I don't approve of GPS for anything critical. Far too easy to spoof the civil variant, and jam the military equivalent. You can also derive altitude from GPS, and some aircraft systems are starting to use it as input to the flight manegment system - i.e. effectively the autopilot. There are reports over on PPrune of pilots getting 'terrain avoidance' instructions whilst happily bimbling along at 37,000 feet. What exactly are you going to bump into at FL370?

An alarming number of systems also get their time signals from GPS. If GPS stuffs up (either accidentally or through spoofing/jamming) then all types of systems fall over, and an airborne reset is often either not possible or advised against.
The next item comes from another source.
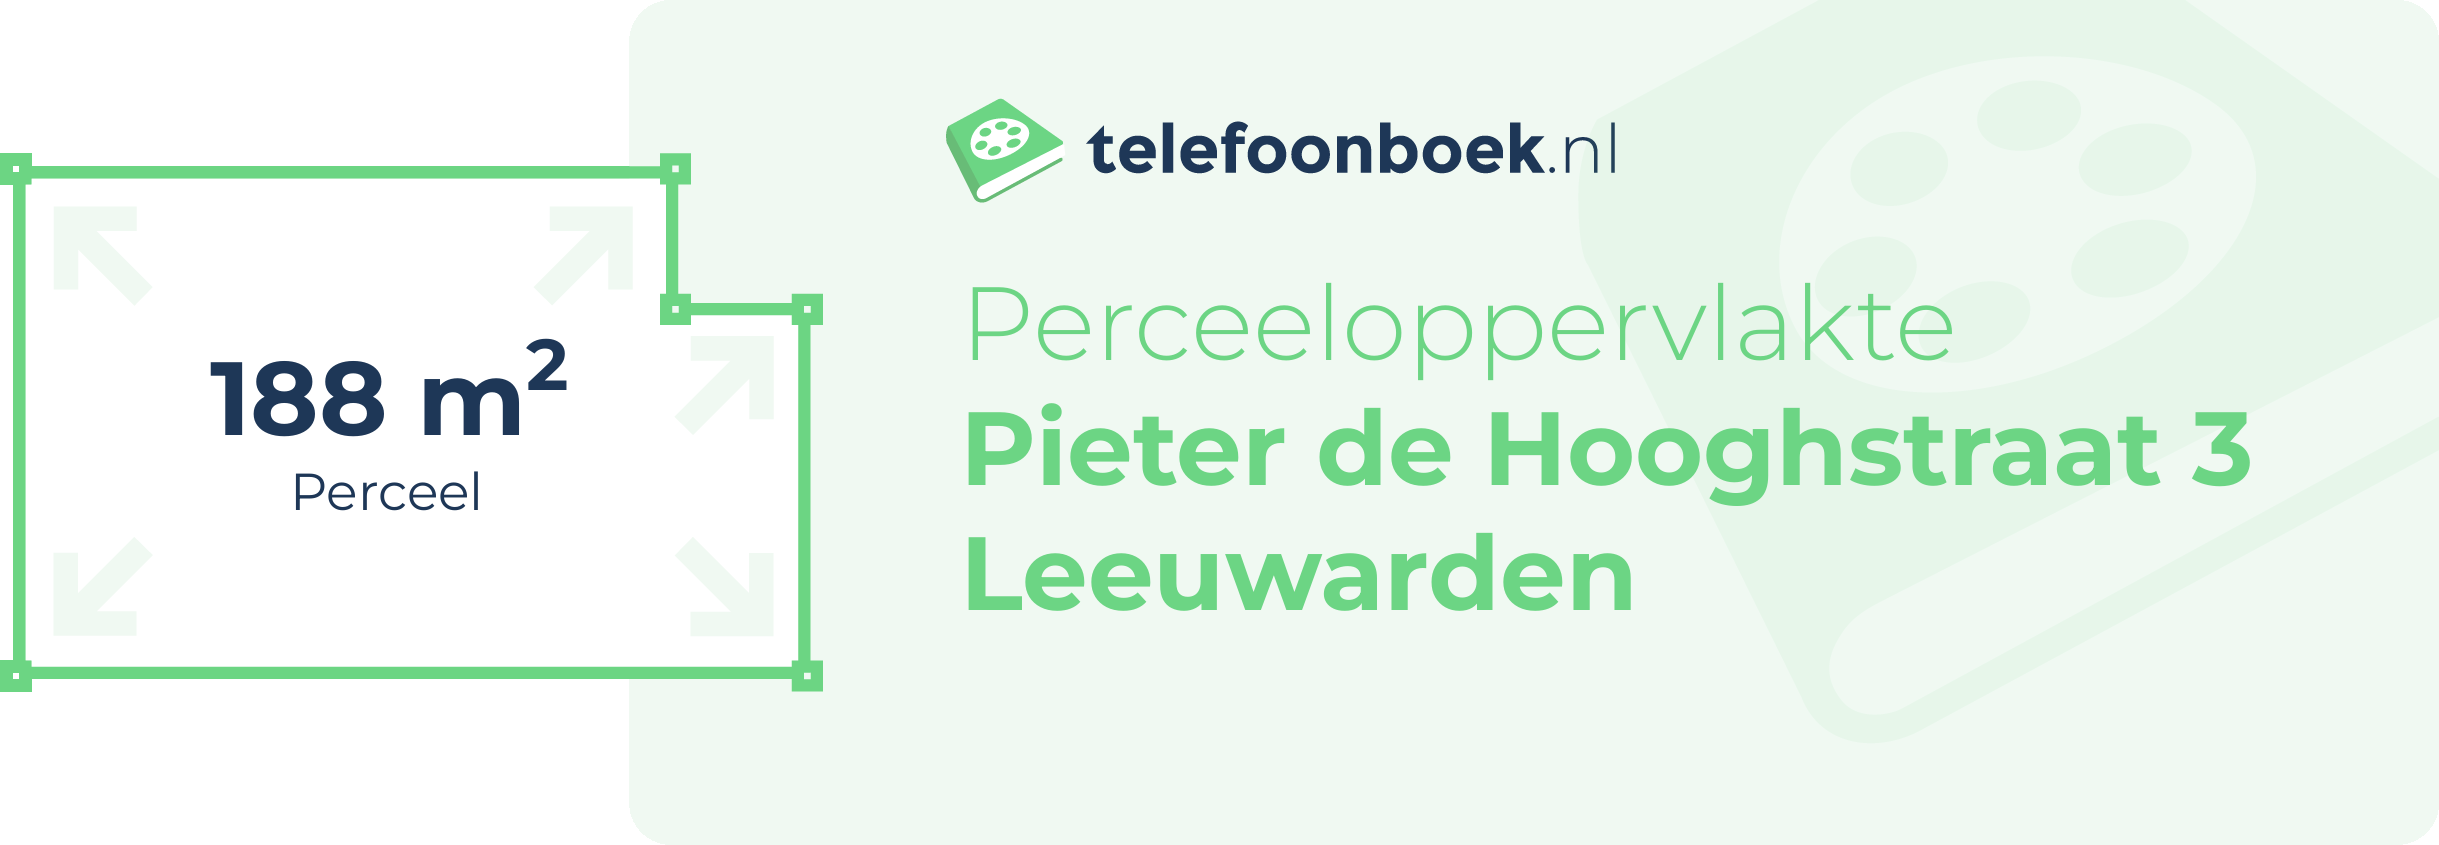 Perceeloppervlakte Pieter De Hooghstraat 3 Leeuwarden

The specific problem in this case appears to be known but being kept quiet for whatever reasons. The aircraft spent about 10 minutes extra airborne (not hours) but the ADSB output indicated a good GPS signal throughout. Something obviously happened to the onboard systems which caused the pilots to think the GPS was unreliable, forcing them onto backup systems. Unfortunatly, Plovdiv is a sh1thole (yes I've been there - Mil8/24 base) and most of the other NAVAIDS there were already off line, so AIUI their choices were a Military PAR (Precision Approach Radar - effectively a talk down, left a bit, right a bit, up a bit, down a bit) or a visual approach. The jet in question is civil regisered, but operated on behalf of the Belgian Military so I've no idea what the pilots are allowed to do.

Interestingly, the main Bulgarian fighter base (Graf Ignatievo) is about 10 miles north of Plovdiv. I'd be surprised if the Bulgarian military don't know exactly what happened, and that's why they are trying to shut down the story.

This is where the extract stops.